On behalf of his country’s president, Adovelande plans to issue another formal apology to slave descendants on Sunday at a Baptist Church in Alabama.

This week he will meet with business and community leaders to discuss increasing trade and tourism between Benin and south Alabama.

Adovelande said that while he wanted to teach the children about their roots, he also wanted them to understand that his people are not much different from the people of Mobile.

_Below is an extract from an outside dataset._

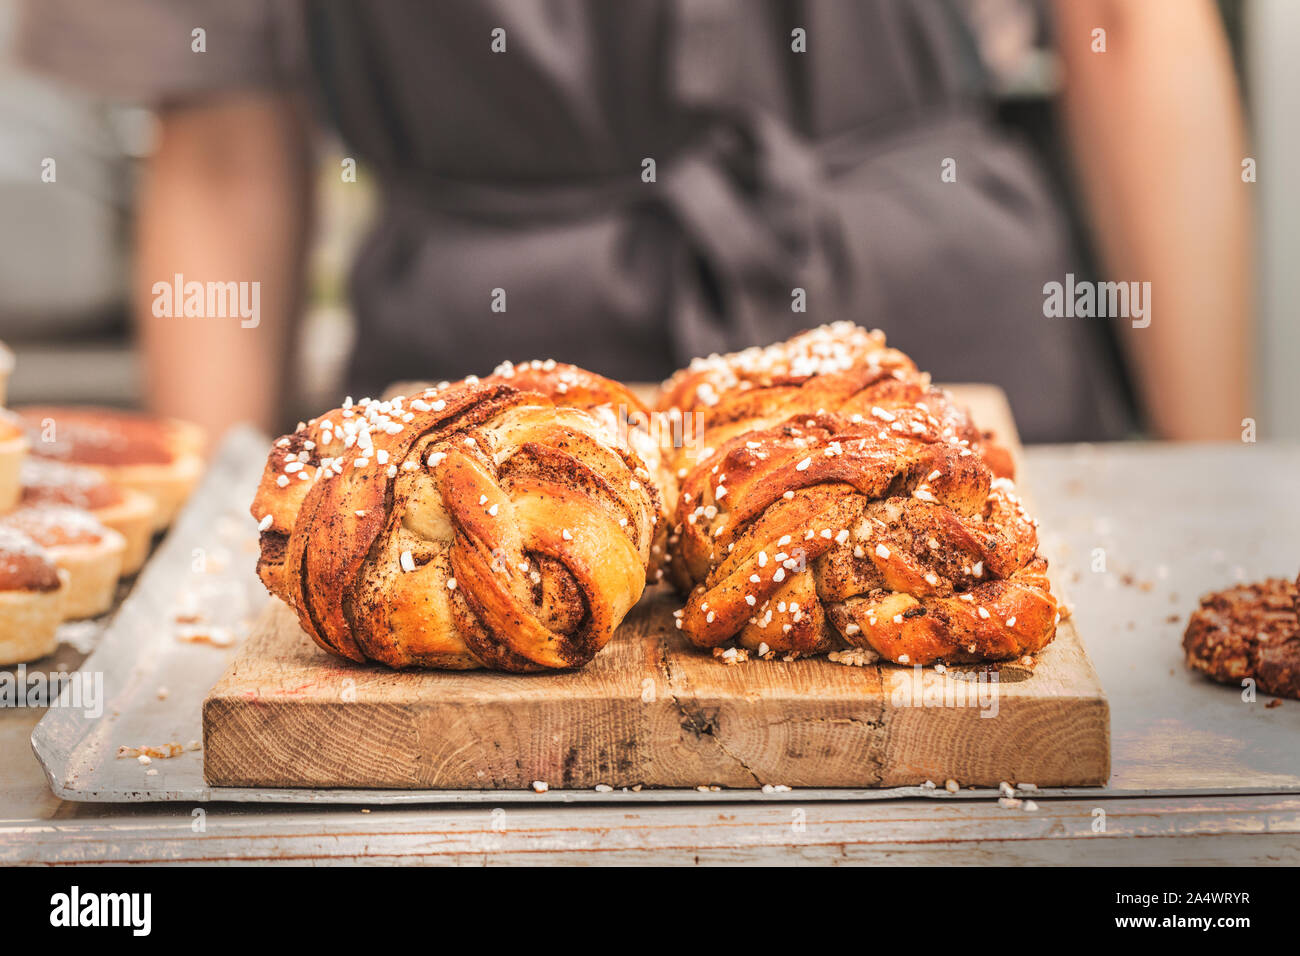 Twisted brioches à la cannelle suédois traditionnel dans un café. Les pains sucrés sont sur une planche en bois, et il y a une personne méconnaissable avec un TEG Banque D'Images

“I want to eliminate the images that Africa means war, that Africa means disease, that Africa means everything that is bad,” he said.

Teacher Deonne Wilson said she hoped Adovelande’s visit would help “bridge the gap we’ve been missing, so we can clarify our misconceptions and get an idea about what life is like in another country”.

“Everything he told us was different from what I had heard about Africa,” said 13-year-old Michelle Reed.

Fourteen-year-old Raphael Poellaitz, agreed: “It’s good to know about the country, because we are African Americans.”

The act of importing slaves into America was outlawed in the early 1800s, but the Mobile County sailor, on a bet, according to historical accounts, sneaked through a federal blockade to buy slaves from Benin, formerly Dahomey.

The 116 Africans representing different tribes who had been captured during internal governmental conflicts and resulting skirmishes were brought back to America undetected, according to a history of AfricaTown.